Religion
- Affiliation: Hinduism
- District: Satara District
- Deity: Lord Mandeshwar

Location
- Location: Wai
- State: Maharashtra
- Country: India
- Interactive map of Mandhardevi

Architecture
- Completed: More than 400 years old

= Mandhradevi =

Temple in Satara, Maharashtra

Mandhardevi Kalubai temple is near Wai (Satara District, Maharashtra, India). Located on a hill 4,650 feet above sea level, the temple, some 20 km from Wai, Satara, overlooks the picturesque Pandavgad Fort and Purandar fort. Devotees attribute miraculous properties to a grove around the shrine. Local lore has it that the temple is more than 400 years old but no definite date on the construction is available.

The title of the land is in the name of Lord Mandeshwar and Kaleshwari Devi. Most of the year there is little tourist traffic.
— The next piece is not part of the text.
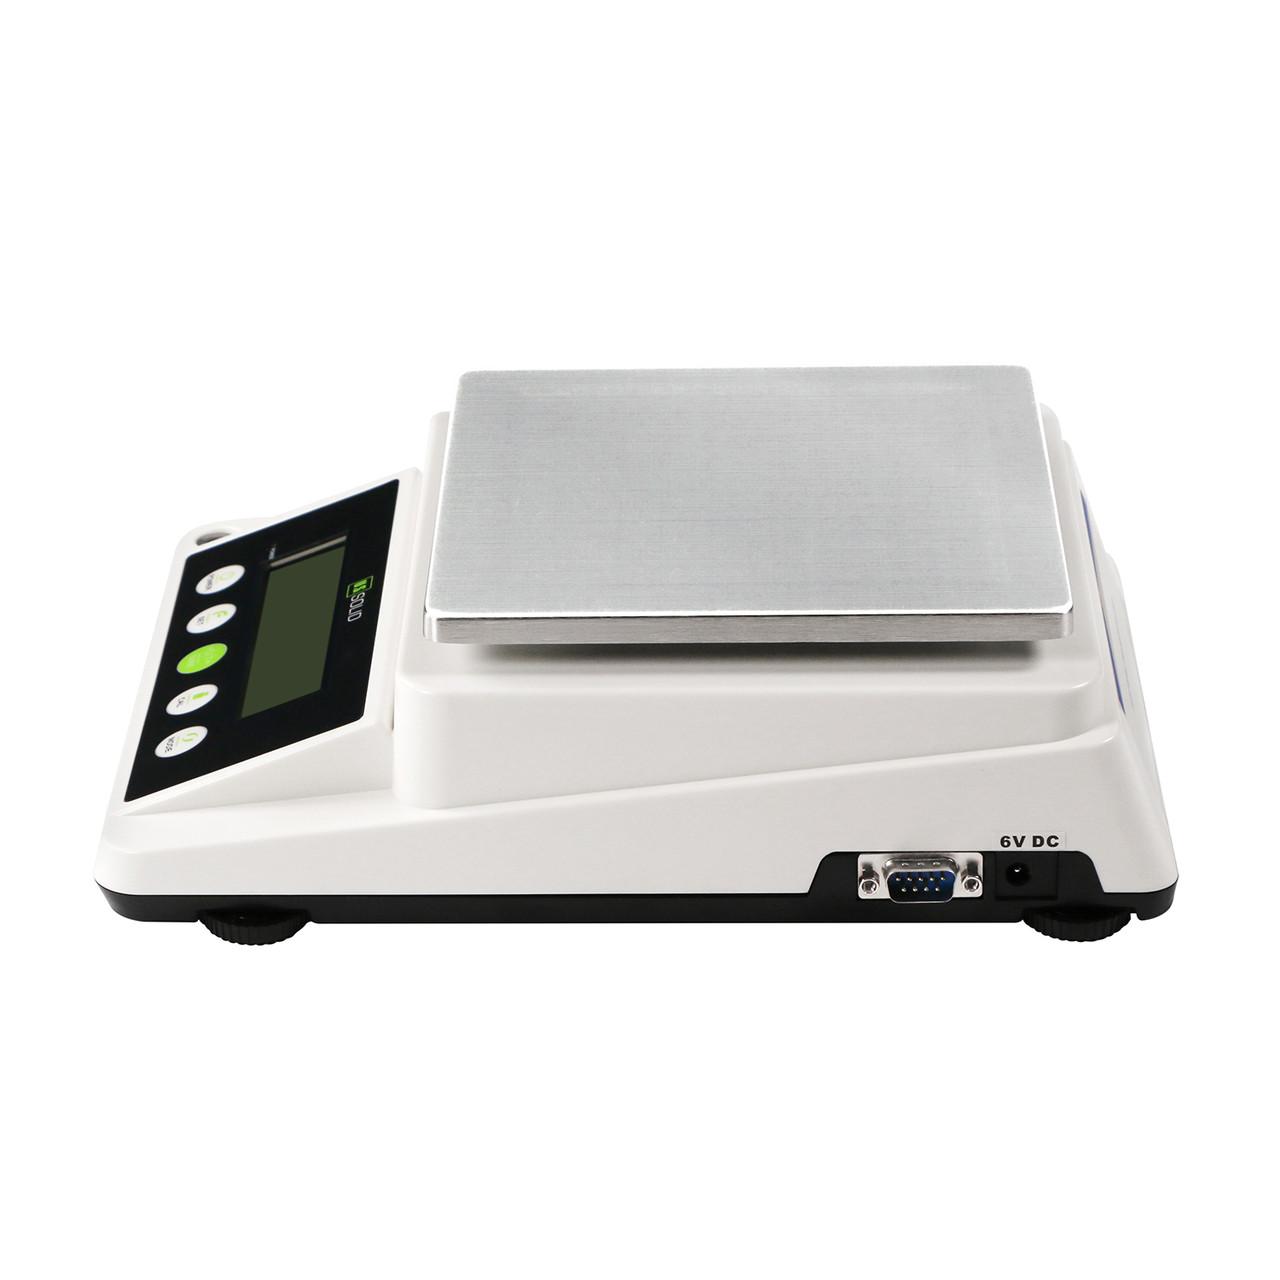 U.S. Solid 0.1 g Precision Balance – 3 kg Digital Analytical Lab Electronic  Scale, 3100 g x 0.1g

The nearest primary health centre is six kilometres away and a major hospital is at Satara town.

The idol of Kalubai sports two silver masks and silk finery. The masks are carried in a procession by members of the Gurav family, seen as the hereditary custodians of the shrine. Members of this family take turns to conduct rituals.

==Kalubai Jatra pilgrimage==

The temple is popular among Hindus who undertake the annual Kalubai Jatra pilgrimage over a ten-day period every January. The main event is a 24-hour-long festival on the day of the full moon that includes animal sacrifices to the demons of goddess whom she killed. The goddess is offered nivad of puran poli (a sweet) and curd rice. The religious event usually draws more than 300,000 devotees. The annual fair is in honour of Kaleshwari Devi, fondly called Kalubai by the faithful.

Over 300 devotees died during the pilgrimage in a stampede in 2005.